Most victim by gun deaths are Black people with a value of 57.8773477735196 for every 100000 people


## Filtering By Homicide Intent

In [116]:
intents = [row[3] for row in data]
races = [row[7] for row in data]

homicide_race_counts = {}
for i,race in enumerate(races):
    if intents[i] == "Homicide":
        if race in homicide_race_counts:
            homicide_race_counts[race] += 1
        else:
            homicide_race_counts[race] = 1

In [118]:
homicide_race_counts

{'Asian/Pacific Islander': 559,
 'Black': 19510,
 'Hispanic': 5634,
 'Native American/Native Alaskan': 326,
 'White': 9147}

In [119]:
sorted_race_based_on_homicide = [(k, homicide_race_counts[k]) for k in sorted(homicide_race_counts, key=homicide_race_counts.get, reverse=True)]
sorted_race_based_on_homicide

[('Black', 19510),
 ('White', 9147),
 ('Hispanic', 5634),
 ('Asian/Pacific Islander', 559),
 ('Native American/Native Alaskan', 326)]

In [120]:
race_homicide_per_hundredk = {}
for key, value in homicide_race_counts.items():
    race_homicide_per_hundredk[key] = (value / mapping[key]) * 100000

In [121]:
race_homicide_per_hundredk

{'Asian/Pacific Islander': 3.530346230970155,
 'Black': 48.471284987180944,
 'Hispanic': 12.627161104219914,
 'Native American/Native Alaskan': 8.717729026240365,
 'White': 4.6356417981453335}

In [122]:
sorted_race_homicide_per_hundredk = [(k, race_homicide_per_hundredk[k]) for k in sorted(race_homicide_per_hundredk, key=race_homicide_per_hundredk.get, reverse=True)]
sorted_race_homicide_per_hundredk

[('Black', 48.471284987180944),
 ('Hispanic', 12.627161104219914),
 ('Native American/Native Alaskan', 8.717729026240365),
 ('White', 4.6356417981453335),
 ('Asian/Pacific Islander', 3.530346230970155)]

## Findings 2

Black is the number one case for homicide.
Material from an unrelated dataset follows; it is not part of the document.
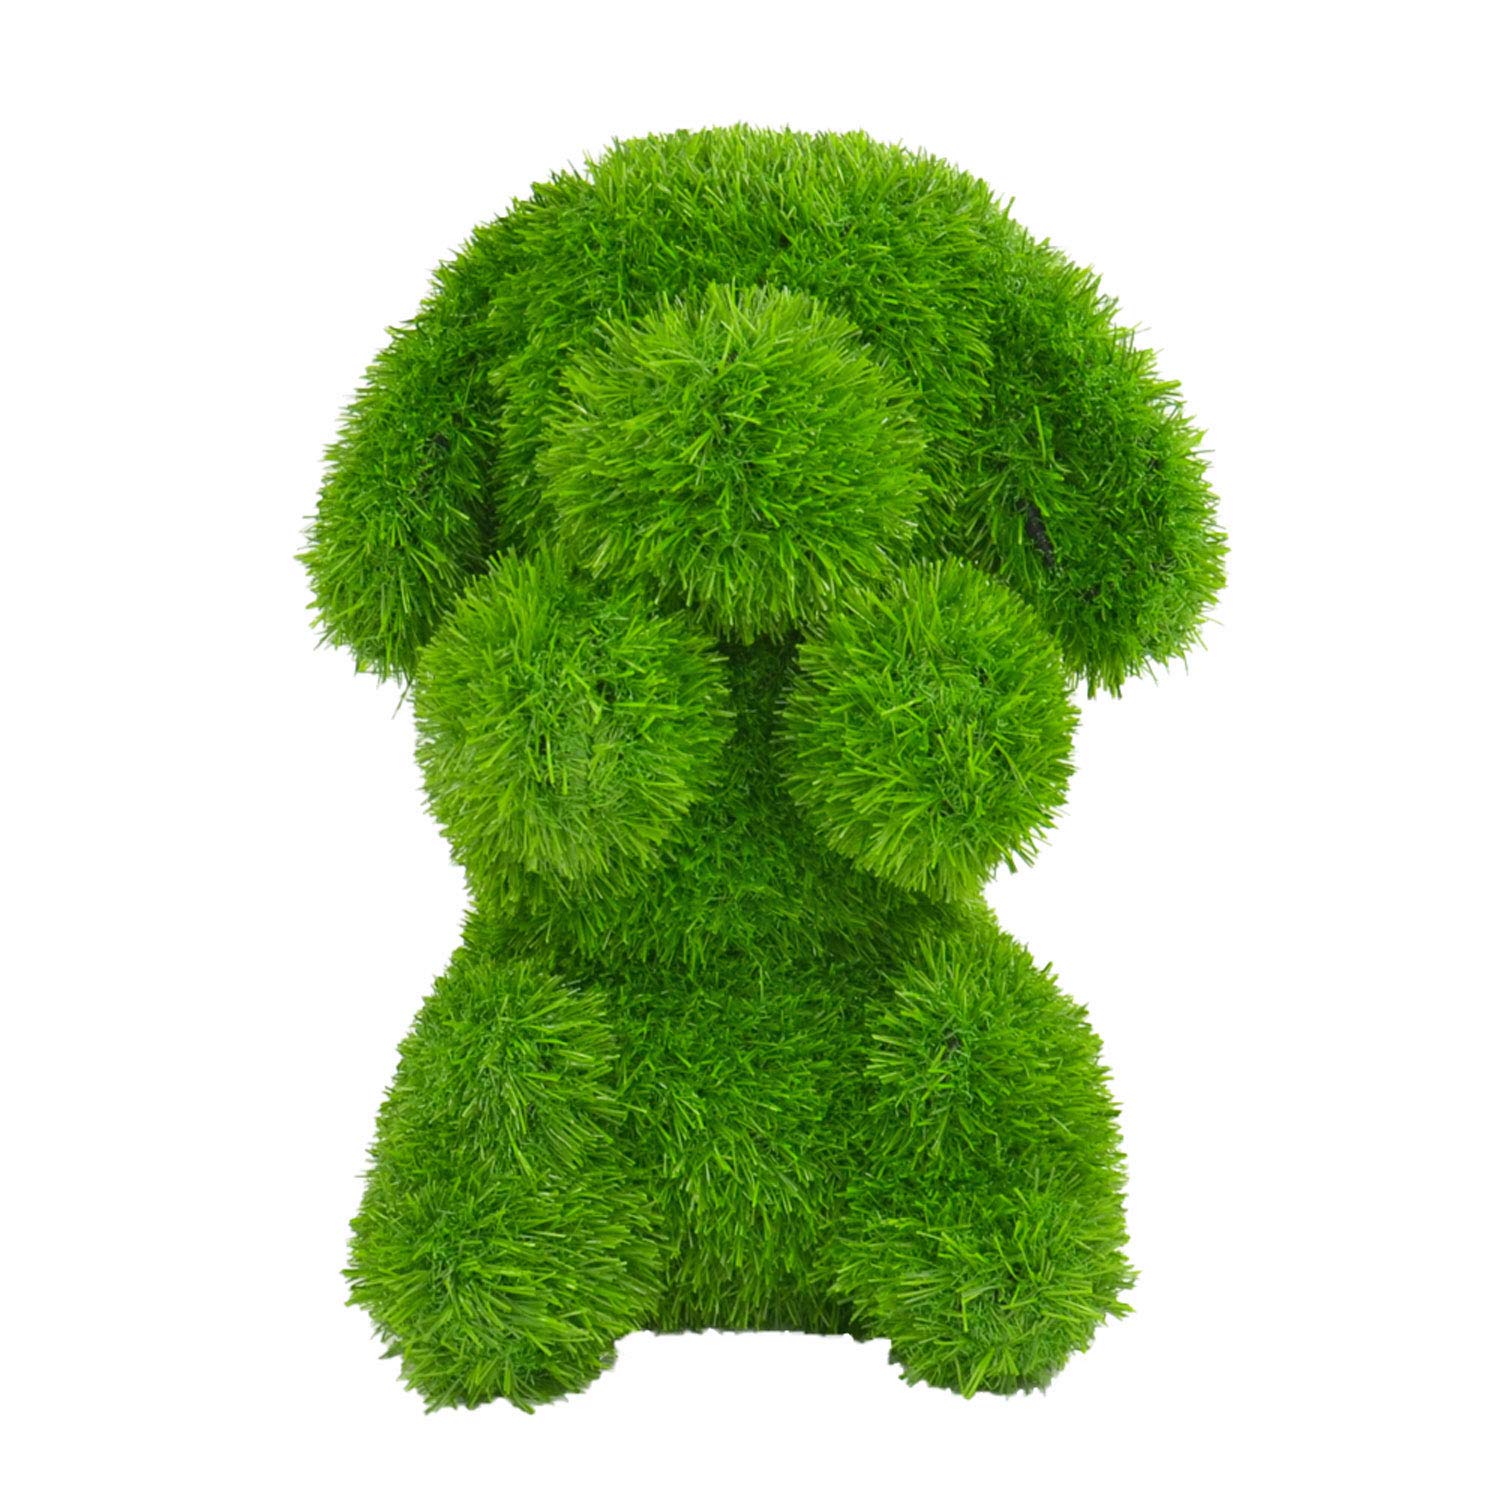 Kögler 53262 - AniPlants Hund sitzend, Deko-Figur aus Kunstrasen, ca. 30 x 34 x 36 cm groß, wetterfest und formstabil, mit Ankern zur Befestigung, ideal als Deko für Garten und Haus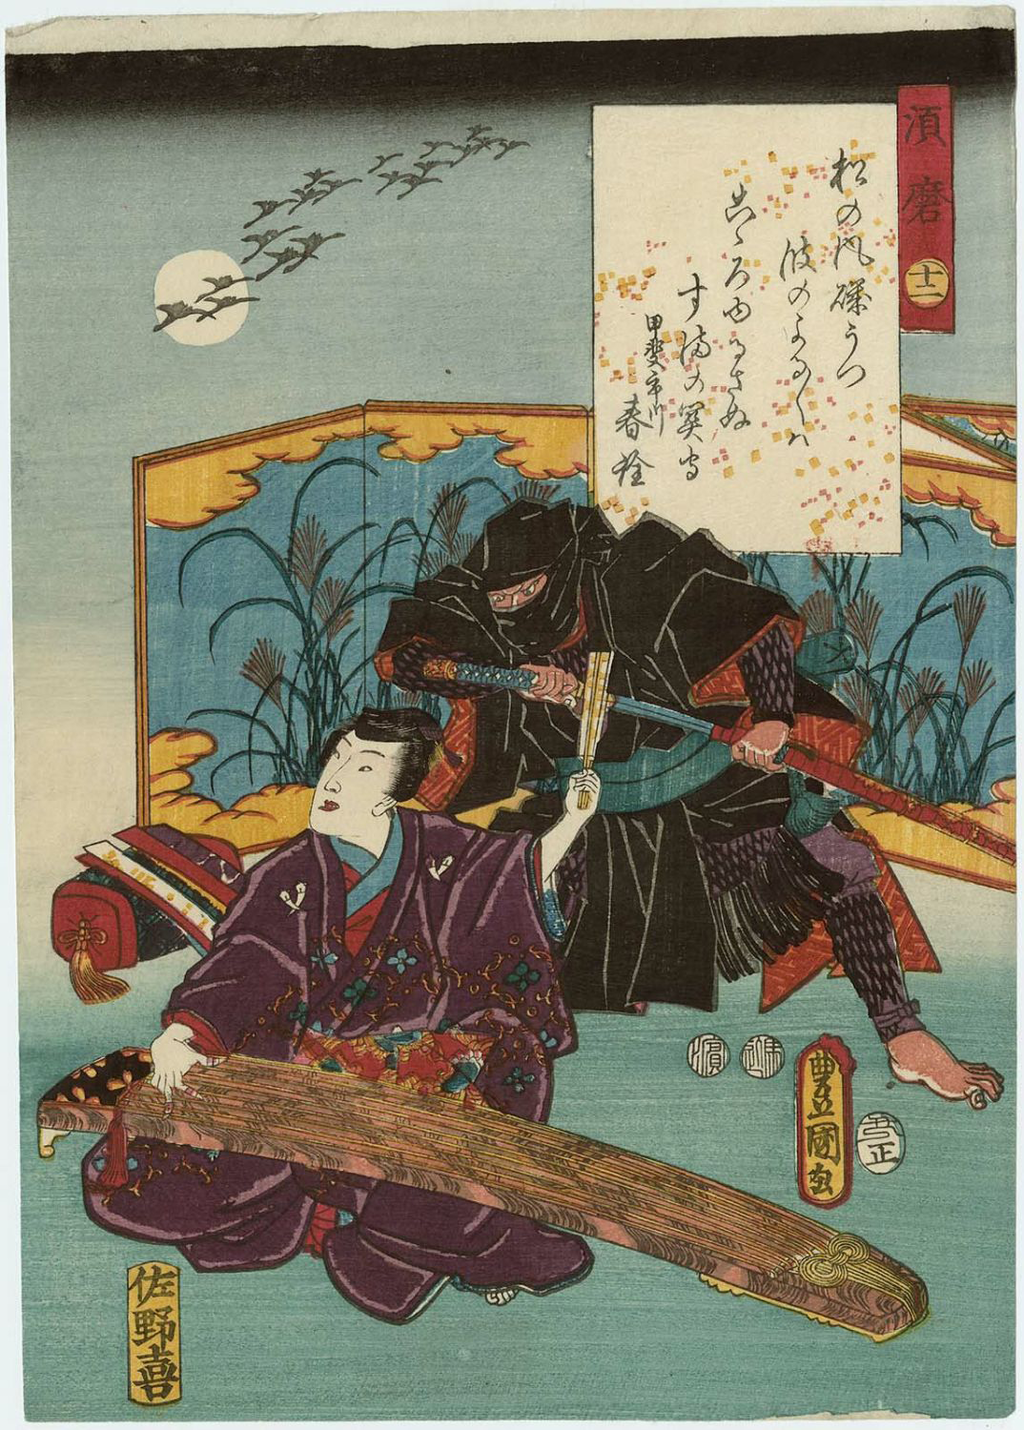 Træbloktryk på papir kaldet "Prince Hikaru and the Ninja"

Many people kill black people than any other race. 48.47 out of 100000 black people died because of homicide. Hispanic people took second place with a rate of 12.62 people out of 100000 people.
It appears that gun related homicides affected mostly the racial minorities in US.
Further investigations:

-  The link between month and homicide rate.
-  Homicide rate by gender.
-  The rates of other intents by gender and race.
-  Gun death rates by location and education.